Program

The program is also available in a public google calendar for those who may want to subscribe and receive instantly notifications of changes.

Monday: Nov, 21 2011

HourWhat
14:00 Introduction to Text Mining
Gerard de Melo, ICSI Berkeley

This talk will introduce some popular techniques used to process and organize text document collections. Along the way, some of the most elementary natural language processing ingredients will be discussed, including tokenization, stemming, lemmatization, and stop word removal. We will then present the Vector Space Model and describe how it can be used 1) to assess how similar two documents are, 2) to categorize documents based on their contents, and 3) to cluster similar documents into groups. Finally, we will also point out how this model is used for information retrieval and web search.
15:30 Coffe
16:00 Introducing SUMO the Suggested Upper Merged Ontology
Valeria de Paiva, Rearden Commerce, CA

This talk presents an overview of ontology creation and development in SUMO, including how we envisage using it to help with reasoning about Portuguese texts.

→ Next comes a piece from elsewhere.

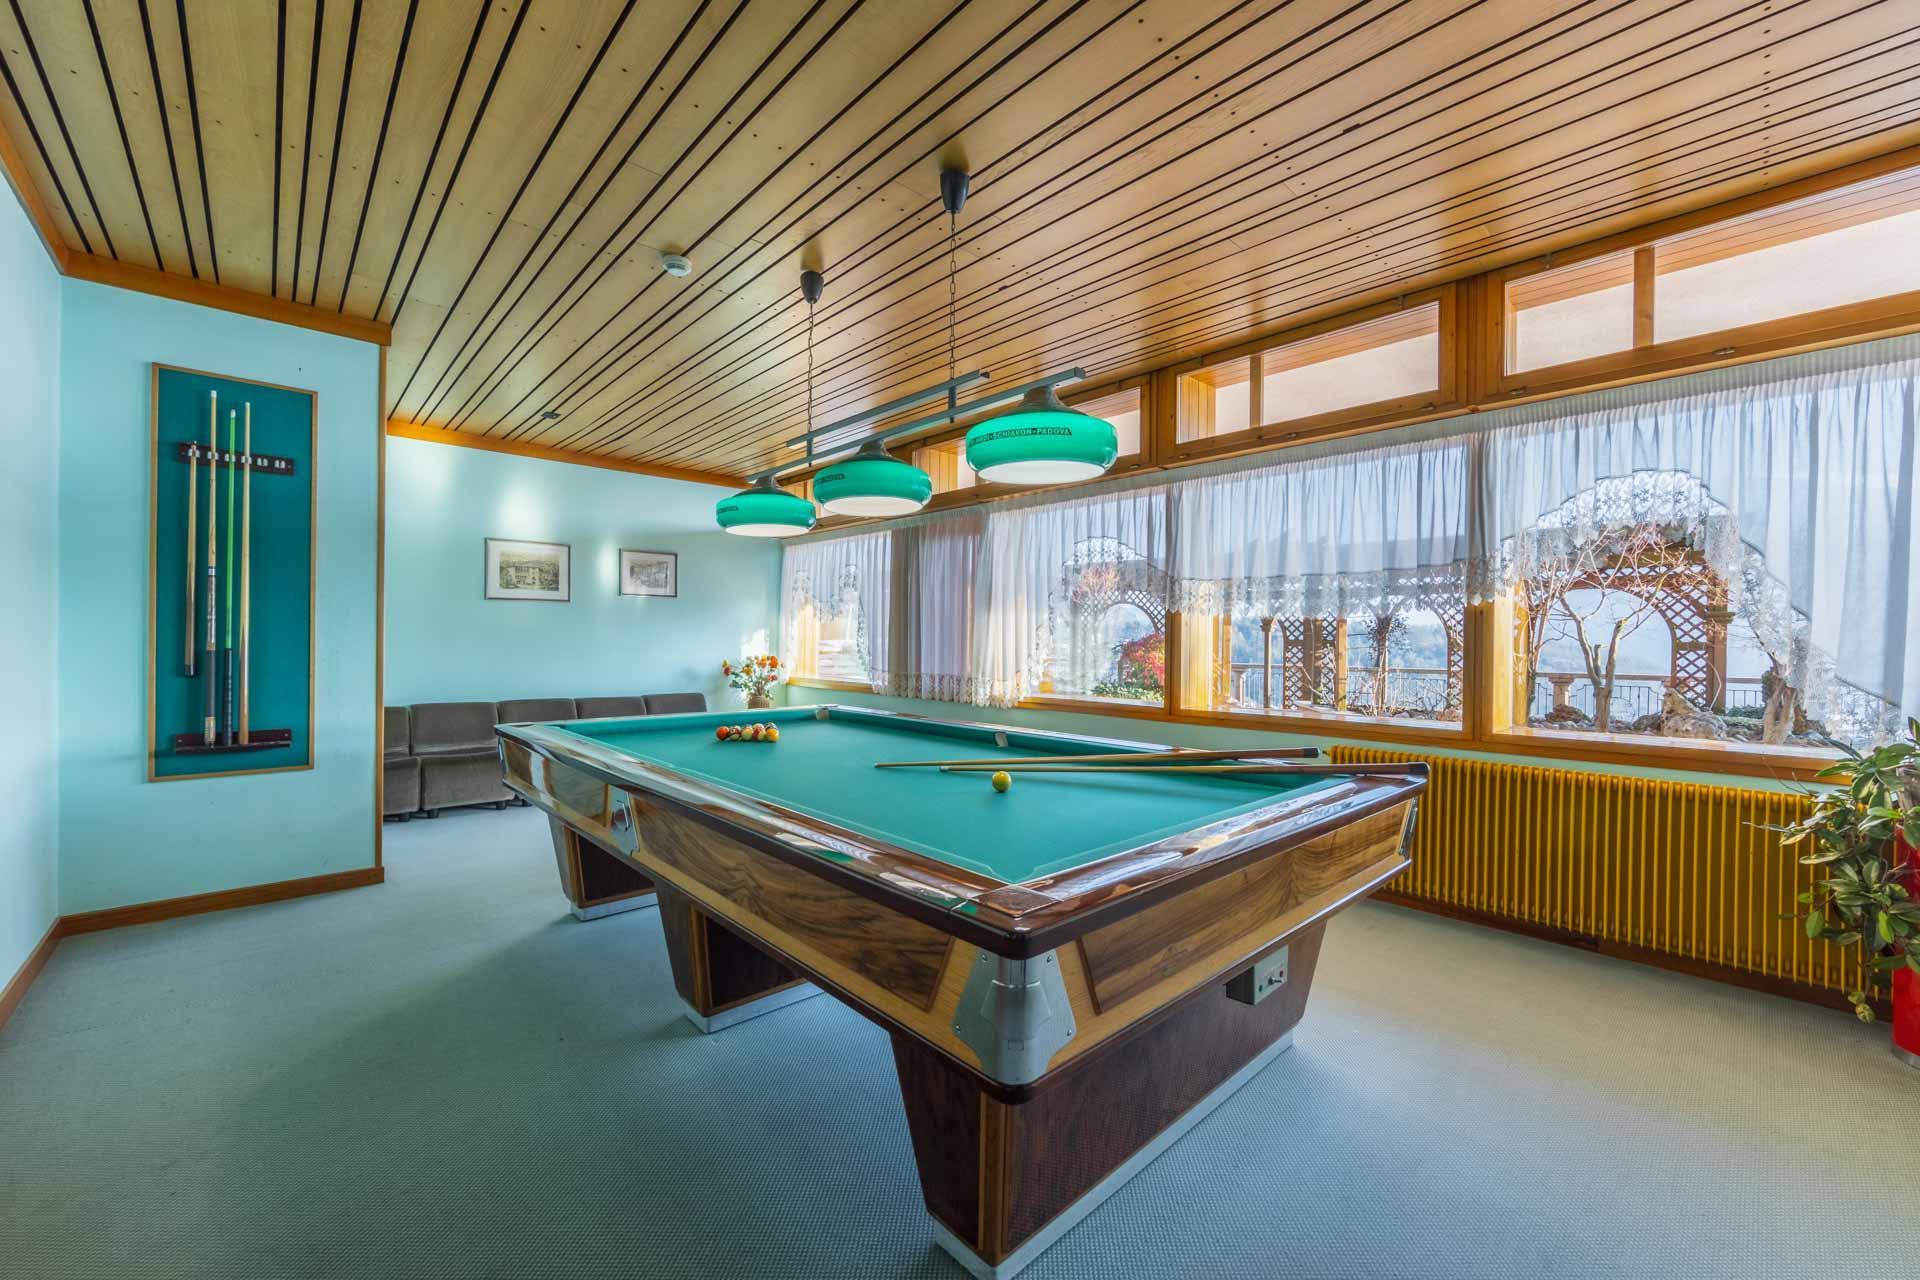 hotel-vicino-molveno-e-terme-di-comano-miravalle-cucina-tipica-con-piscina-53
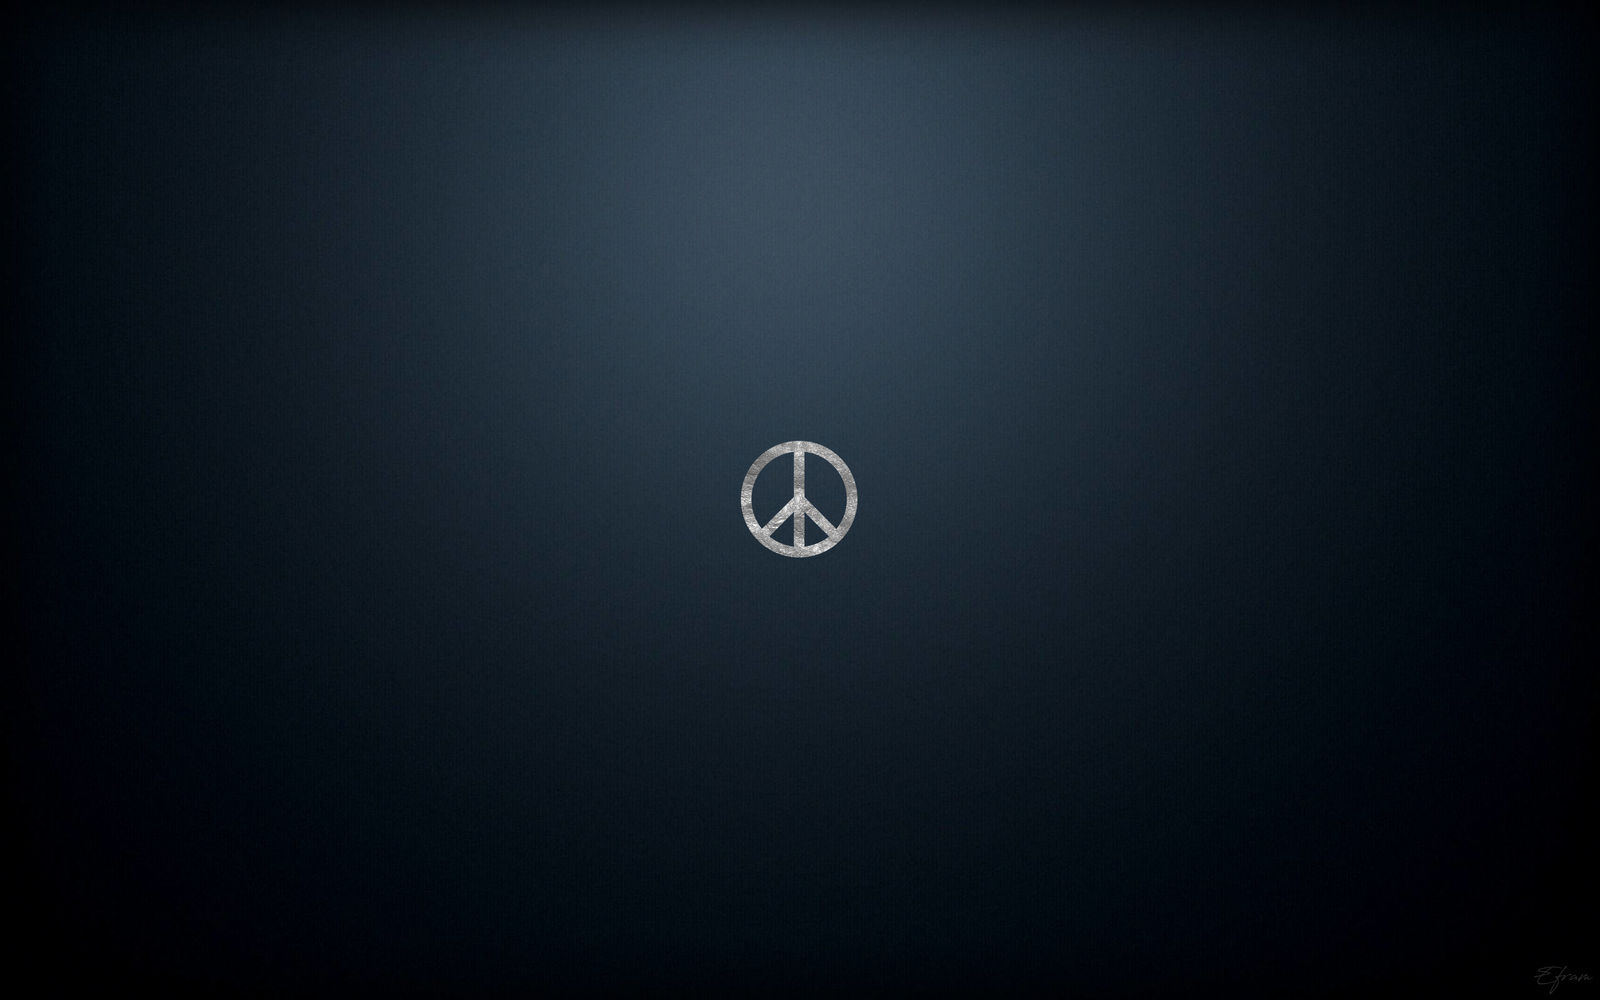 Peace Wallpaper 4k Silver By Swizzbeatz1 On Deviantart

The Suggested Upper Merged Ontology will be introduced (no previous knowledge assumed) and Sigma (the ontology environment) associated with it will be demonstrated. Issues of the capabilities and tradeoffs in first order logic inference are briefly explored. The SUMO mappings to the WordNet lexicon are also discussed.

Hopefully some hands-on axiom writing will be done together, bring your laptops!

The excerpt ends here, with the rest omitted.